The Ecology and Evolution of Japanese Encephalitis Virus

Pathogens 2021, 10(12), 1534; https://doi.org/10.3390/pathogens10121534
by Peter Mulvey 1, Veasna Duong 2, Sebastien Boyer 2, Graham Burgess 3, David T. Williams 4, Philippe Dussart 2,† and Paul F. Horwood 1,3,*
Reviewer 1:
Reviewer 2: Anonymous
Pathogens 2021, 10(12), 1534; https://doi.org/10.3390/pathogens10121534
Submission received: 29 October 2021 / Revised: 16 November 2021 / Accepted: 18 November 2021 / Published: 24 November 2021
(This article belongs to the Special Issue One Health and Transboundary Diseases)

Round 1

Reviewer 1 Report

This review article from Mulvey et al is a comprehensive summary of the evolution and ecology of Japanese encephalitis virus, with additional brief descriptions of its virology and pathology.  As a whole it is well organized and enjoyable to read, and is especially pertinent given the likely alterations to mosquito populations with global climate change.  I only have a few minor comments to be addressed:

1) The manuscript could use 1-2 more figures in addition to the provided map.  Possibilities include a figure summarizing the spread of JEV among its various hosts and a figure summarizing the impacts of  climate change on JEV spread.

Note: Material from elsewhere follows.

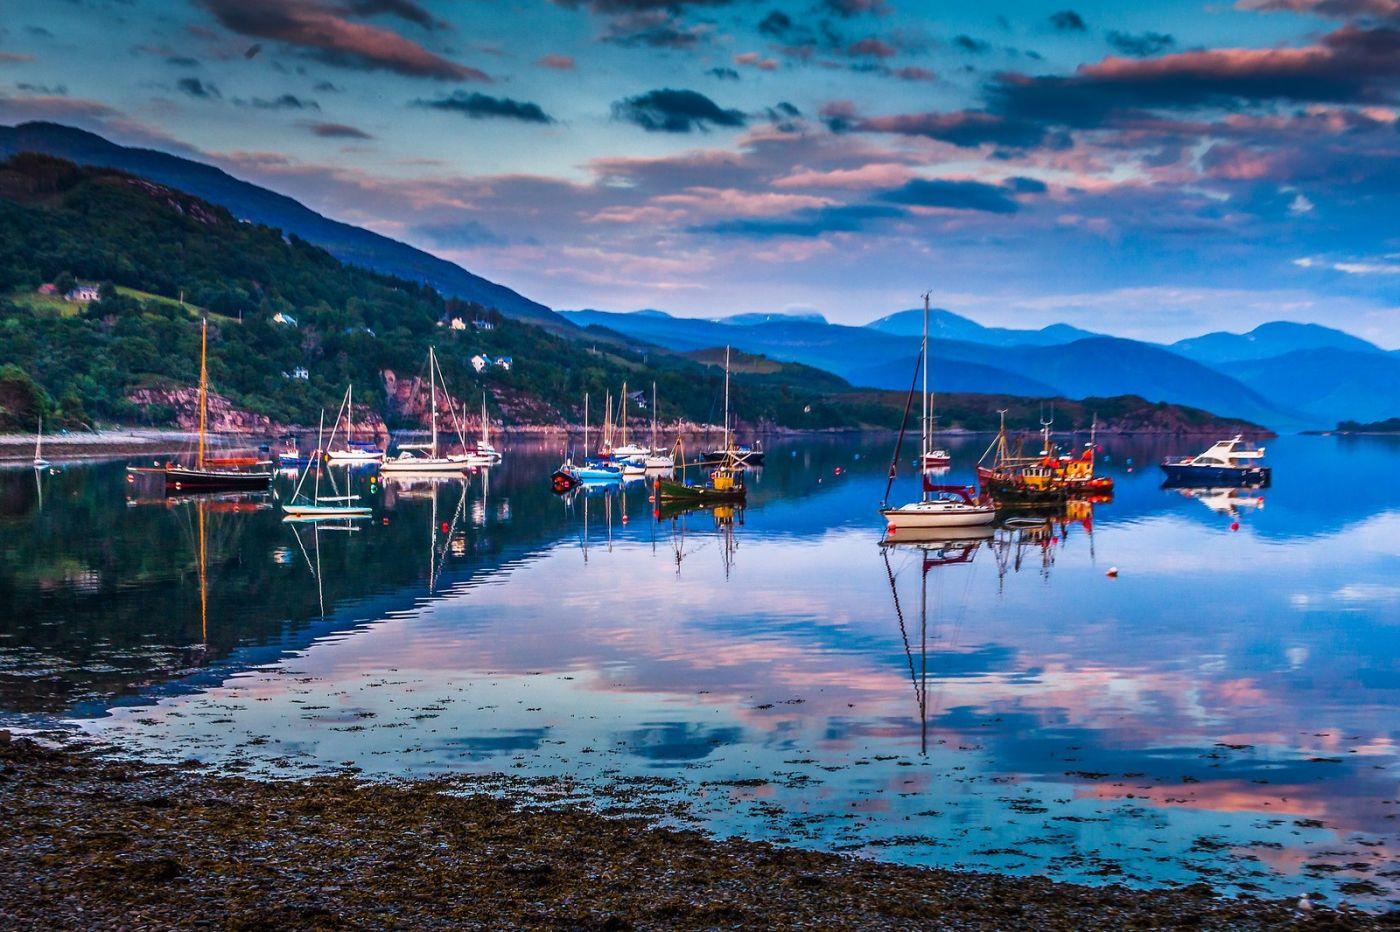 苏格兰阿勒浦(Ullapool),如镜的湖面_图1-3

2) On page 3 line 104, the authors should specify what AME stands for.

3) On  page 4 line 137, the authors should specify the means by which GIII was predicted to have a greater selective advantage- computationally, experimentally, etc.  The authors could also indicate whether there's any clear trends for substitutions that are under positive selection.

4) On page 6 line 272, the authors should specify whether long term JEV persistence in pig tonsils was identified with infectious virions or with viral RNA.

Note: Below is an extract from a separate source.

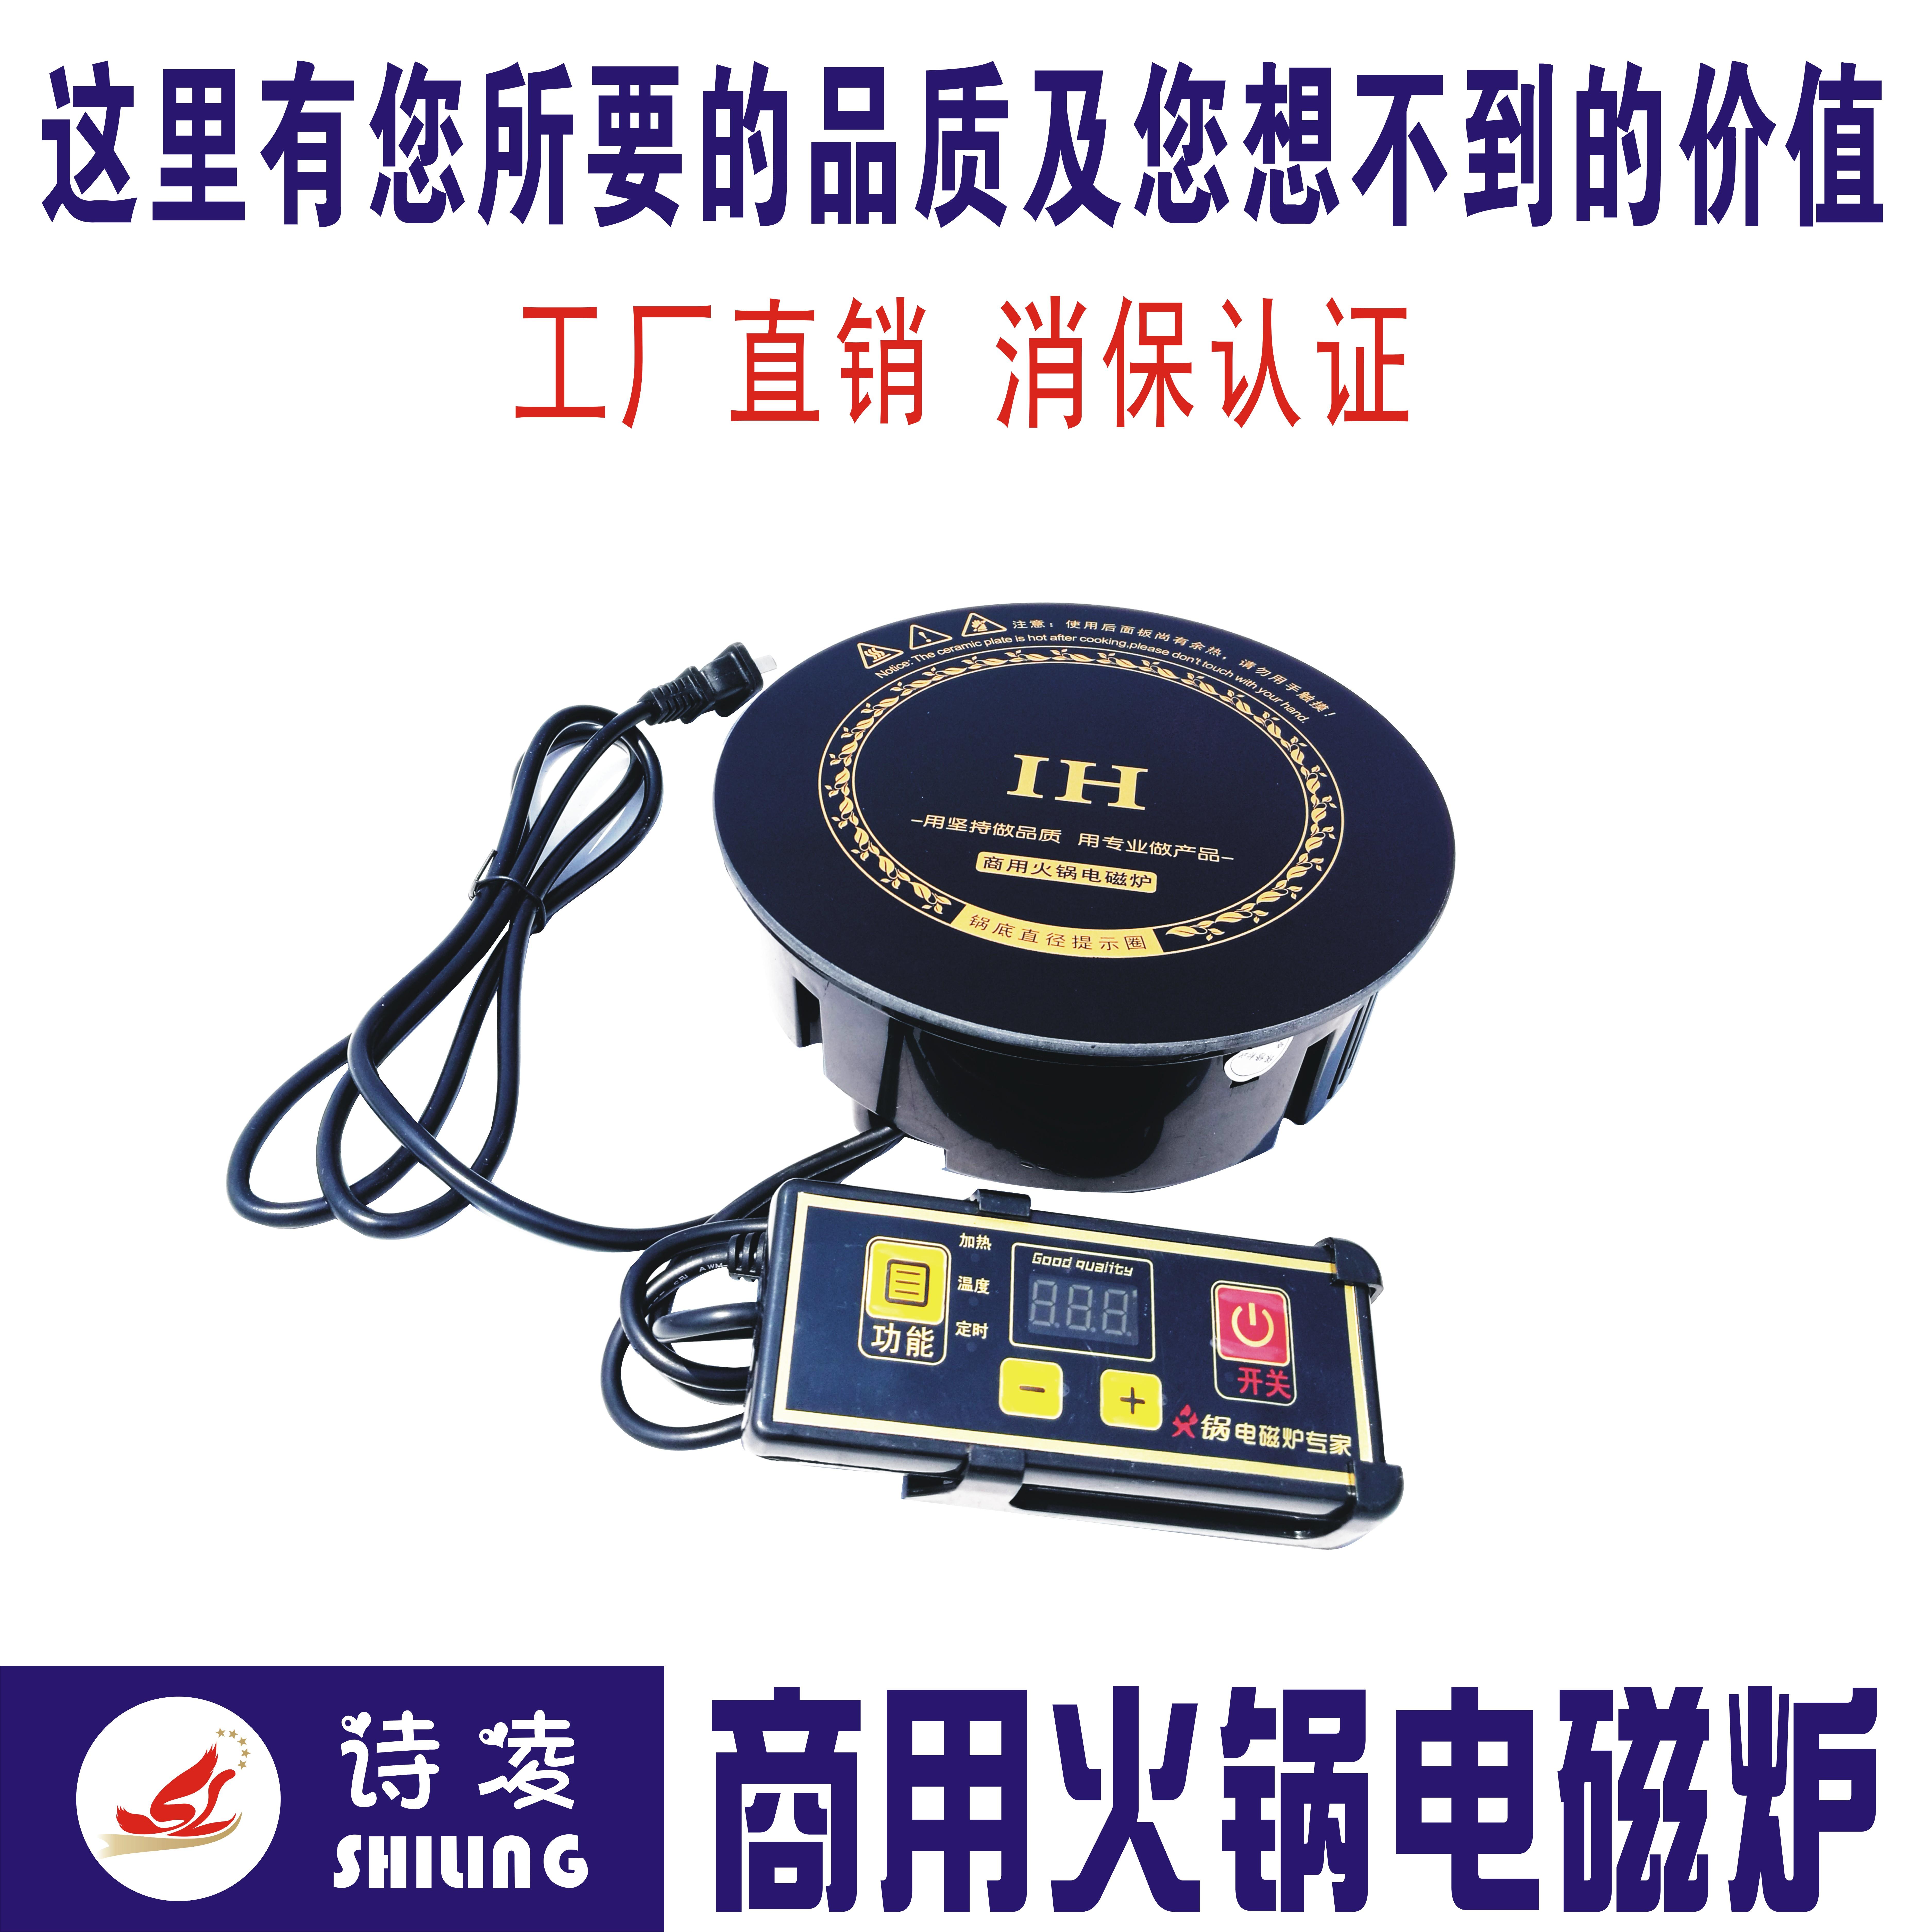 广东顺德诗凌电器制造有限公司加盟

5) On page 7 line 323, the  authors could list a few other species in addition to dogs that may act as circulating hosts

6) On page 8 line 333, the authors should clarify why seroprevalence in cattle and goats was thought to be a better predictor of JEV prevalence in local human populations than pig seroprevalence given the more established role of pigs in spreading JEV.

Author Response

Reviewer 1

This review article from Mulvey et al is a comprehensive summary of the evolution and ecology of Japanese encephalitis virus, with additional brief descriptions of its virology and pathology.  As a whole it is well organized and enjoyable to read, and is especially pertinent given the likely alterations to mosquito populations with global climate change.  I only have a few minor comments to be addressed:

 

1) The manuscript could use 1-2 more figures in addition to the provided map.  Possibilities include a figure summarizing the spread of JEV among its various hosts and a figure summarizing the impacts of climate change on JEV spread.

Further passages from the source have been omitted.